As mentioned in the paper, not every function can be blinded because our blinder supports only a subset of C. Specifically, statements like switch or continue are not supported. When a function cannot be blinded, it will not appear in the blinded version of the source code file.

The CSV report of the blinding process includes a list of filenames and functions per file, in addition to the blinding result (1 for success and 0 for failure) and optional information about what variable was detected as an indicator variable, if any. The image includes the csvkit package, and the csvstat utility will show information about the run:

csvstat -c 3 coreutils-9.5-blinded.csv

Here, the number of occurrences of True is the number of functions that were succesfully blinded.

Claim 2: Experiments

The experiments below assume that the blinding script was run on coreutils. For more information on how to do this, refer to the steps necessary to evaluate the previous claim. The commands under this claim should all be run inside the directory coreutils-9.5-blinded/src.

The experiments concern the function mp_factor_using_pollard_rho in factor.c. To focus on this file, we isolated the blinded version of this function into pollard_rho.c, found inside coreutils-9.5-blinded/src. You can compare factor.c to pollard_rho.c to see that all we did was isolate this function by running:

diff -u factor.c pollard_rho.c --color=always | less -R

Claim 2.1: Compilation-decompilation of `mp_factor_using_pollard_rho`

To compile pollard_rho.c, run:

clang -c pollard_rho.c -o pollard_rho.o

This should complete instantly, and produce a file pollard_rho.o in the same directory. This is the compiled-but-not-linked version of pollard_rho.c.

To decompile this file, run the following command, which invokes Ghidra and writes the decompiled source code back to pollard_rho-decompiled.c:

/opt/ghidra/support/analyzeHeadless \
    . \
    coreutils \
    -import pollard_rho.o \
    -postscript ../../decompile.py

This will take a minute or so.

The Ghidra decompilation includes some artifacts; specifically, Ghidra tends to assign boolean values to a temporary variable before reading them. This will throw off the equivalence checker. We need to adjust the output manually to make the comparison work, so parts like

bVar1 = pbool(0x4a);
if ((bVar1 & 1) != 0) {
  ...
}

are turned into the equivalent

if (pbool(0x4a)) {
  ...
}

This is sound because variables like bVar1 created by Ghidra are always assigned to right before they are used.

You can make this adjustment to pollard_rho-decompiled.c manually, but for convenience we have included pollard_rho-clean.c.

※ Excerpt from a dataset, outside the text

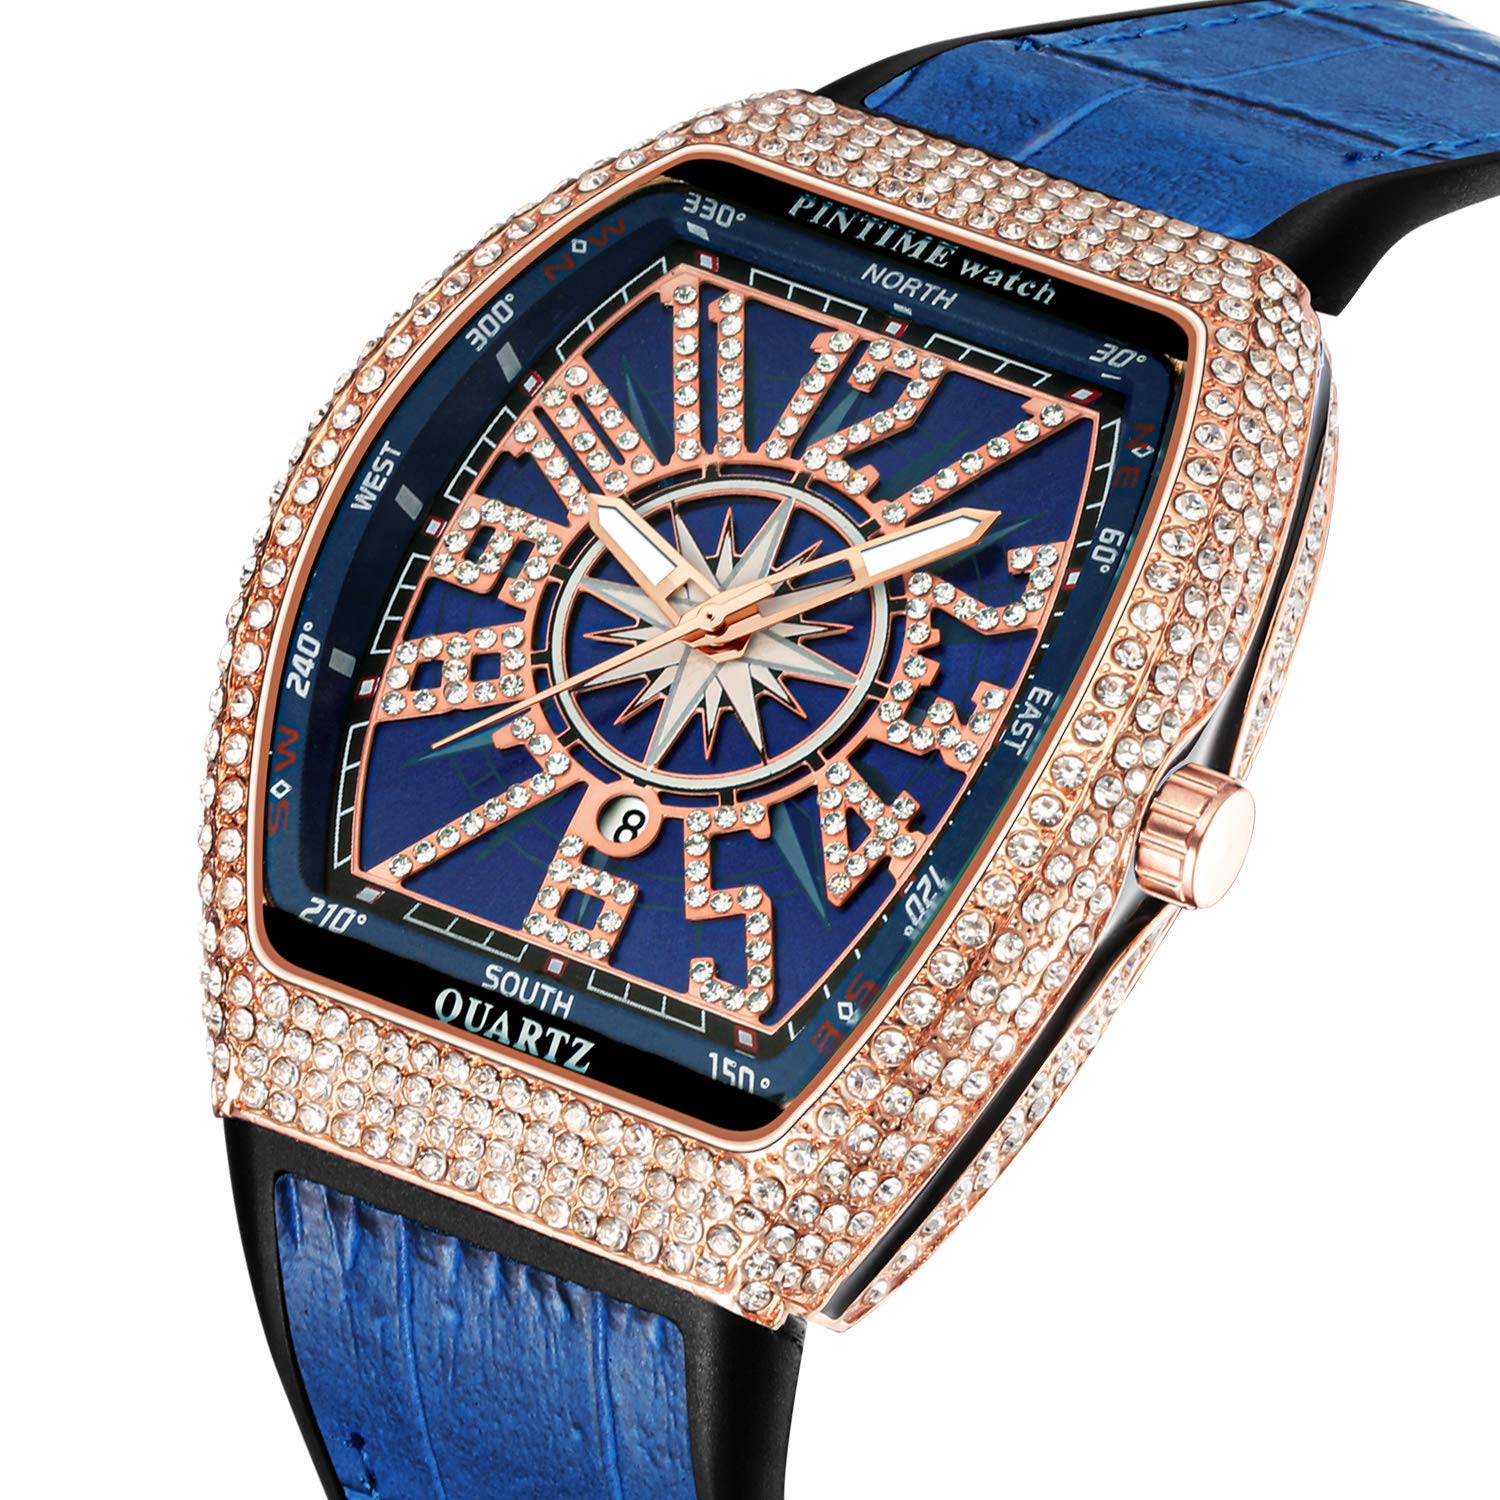 PINTIME Luxus-Herren-Armbanduhr mit Kristall-Diamanten, Tonneau, modisch, glitzernd, wasserdicht, Quarz, analoge Armbanduhr für Herren, Lederband, Hip Hop Rapper

To check that only modifications of the type described above were performed, you can run

diff -u pollard_rho-decompiled.c pollard_rho-clean.c --color=always | less -R

You can then compare the original (blinded) file to the file obtained by compiling, decompiling and adjusting by running the following command:

../../KAT_Decompile/_build/default/frontend/comparecfgkat.exe \
    pollard_rho.c \
    pollard_rho-clean.c

This should complete within a minute. The output should contain a line saying Function mp_factor_using_pollard_rho true to signal that these functions are equivalent according to the equivalence checker.

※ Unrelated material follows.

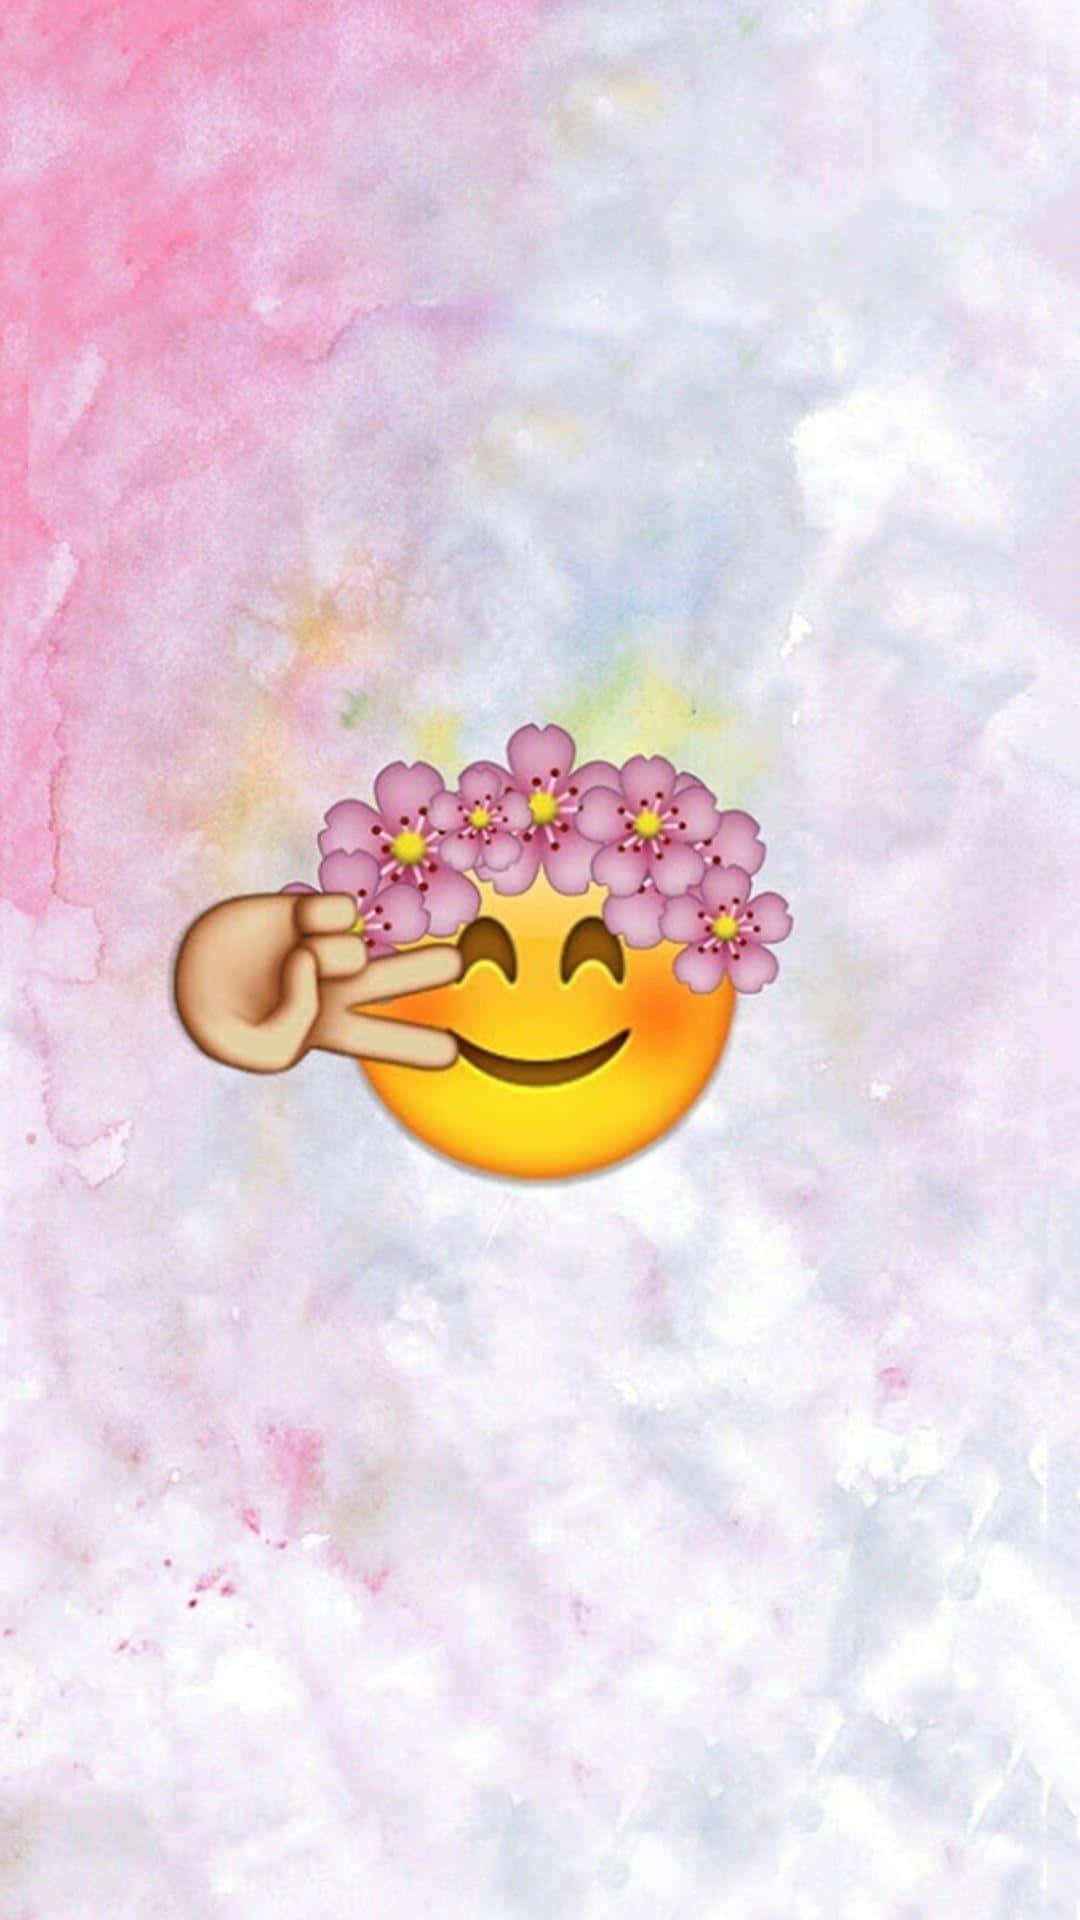 Cute Emoji Making A Peace Sign

Claim 2.2: Goto removal in `mp_factor_using_pollard_rho`

This experiment is similar to the previous experiment, except that instead of compilation followed by decompilation, we run calipso, a program that is meant to remove goto statements.

First, you should update your path to include opam's binaries:

eval $(opam env)

To remove the goto statements from pollard_rho.c, run the following:

calipso pollard_rho.c -o pollard_rho-nogoto.c

To compare the original (blinded) file to the version where goto statements are removed, you can run the following command:

../../KAT_Decompile/_build/default/frontend/comparecfgkat.exe \
    pollard_rho.c \
    pollard_rho-nogoto.c

This should complete within a minute. The output is similar to the previous experiment. In particular, the line Function mp_factor_using_pollard_rho true should be included in the output.

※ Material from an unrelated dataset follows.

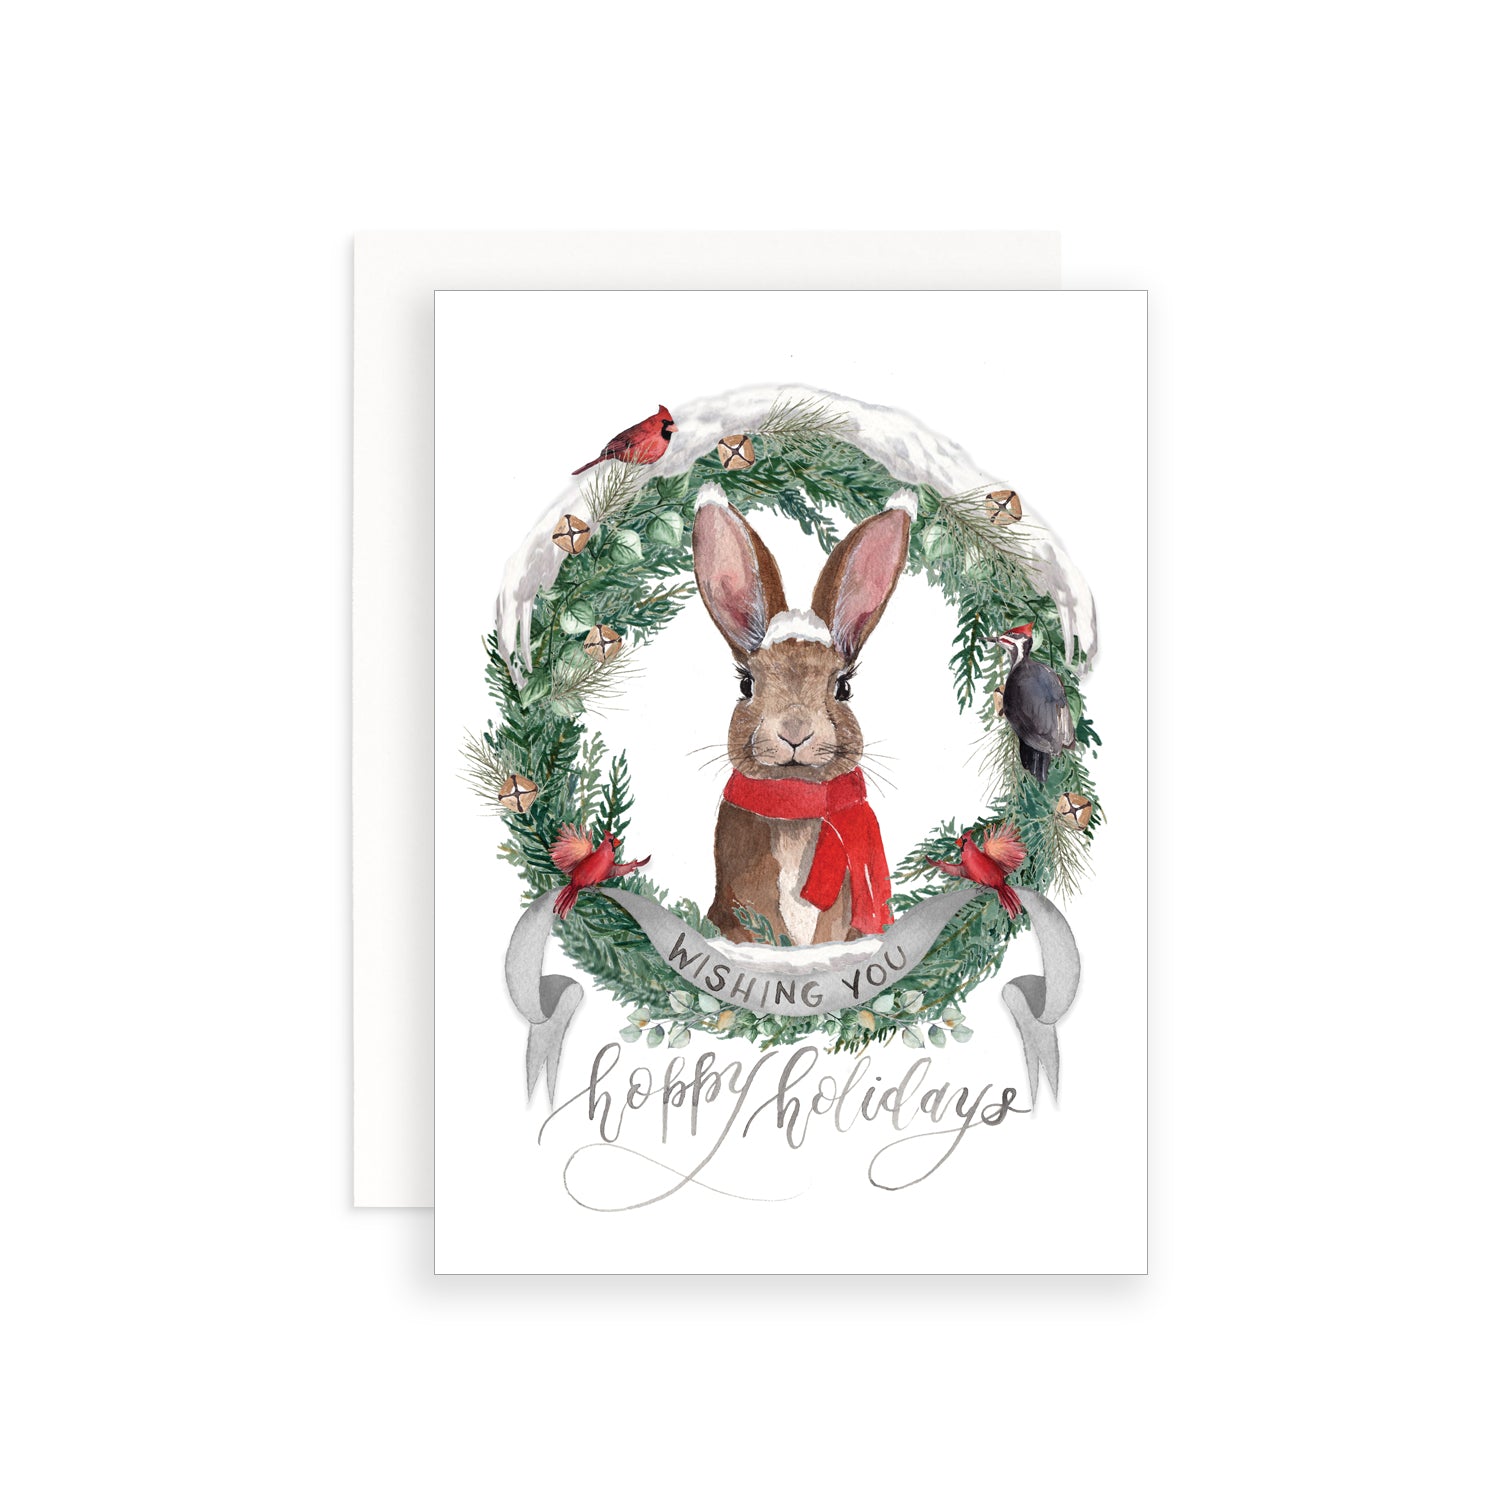 Wishing You Hoppy Holidays Greeting Card

Claim 3: Coq formalization

The Coq formalization is fairly minimal, and does not have any dependencies other than Coq itself (at least version 8.18). If you have Coq installed on your local machine, you should also be able to open formalization/main.v in your favorite IDE and step through the proofs interactively. For the sake of completeness, the Docker image also comes bundled with Coq version 8.18.

To verify that all proofs are type-checked, run the following in the main directory of the artifact:

coqc formalization/main.v

This command should complete within at most one minute. On Coq version 8.18 (inside the container) and 8.19, no warnings are printed. This command does give some output about the main claims and their supporting assumptions to verify that no unwarranted assumptions were admitted. In general, each major fact is followed by a Check vernacular, announcing the claim of the type, and a Print Assumptions vernacular, which prints the facts that need to be admitted into the core calculus to verify the proof.

In general, the Coq formalization relies on the following extensions of the calculus of inductive constructions, all of which are in the standard library:

Propositional extensionality, via propositional_extensionality
Dependent functional extensionality, via functional_extensionality_dep
Streicher's axiom K, equivalent to Eqdep.Eq_rect_eq.eq_rect_eq

You will see these assumptions pop up when running the command above. For more information on the expected output, see the detailed descriptions below.

About the encoding

To fully understand the formalized theorems below, we include some remarks on how the notions from the paper are encoded into Coq.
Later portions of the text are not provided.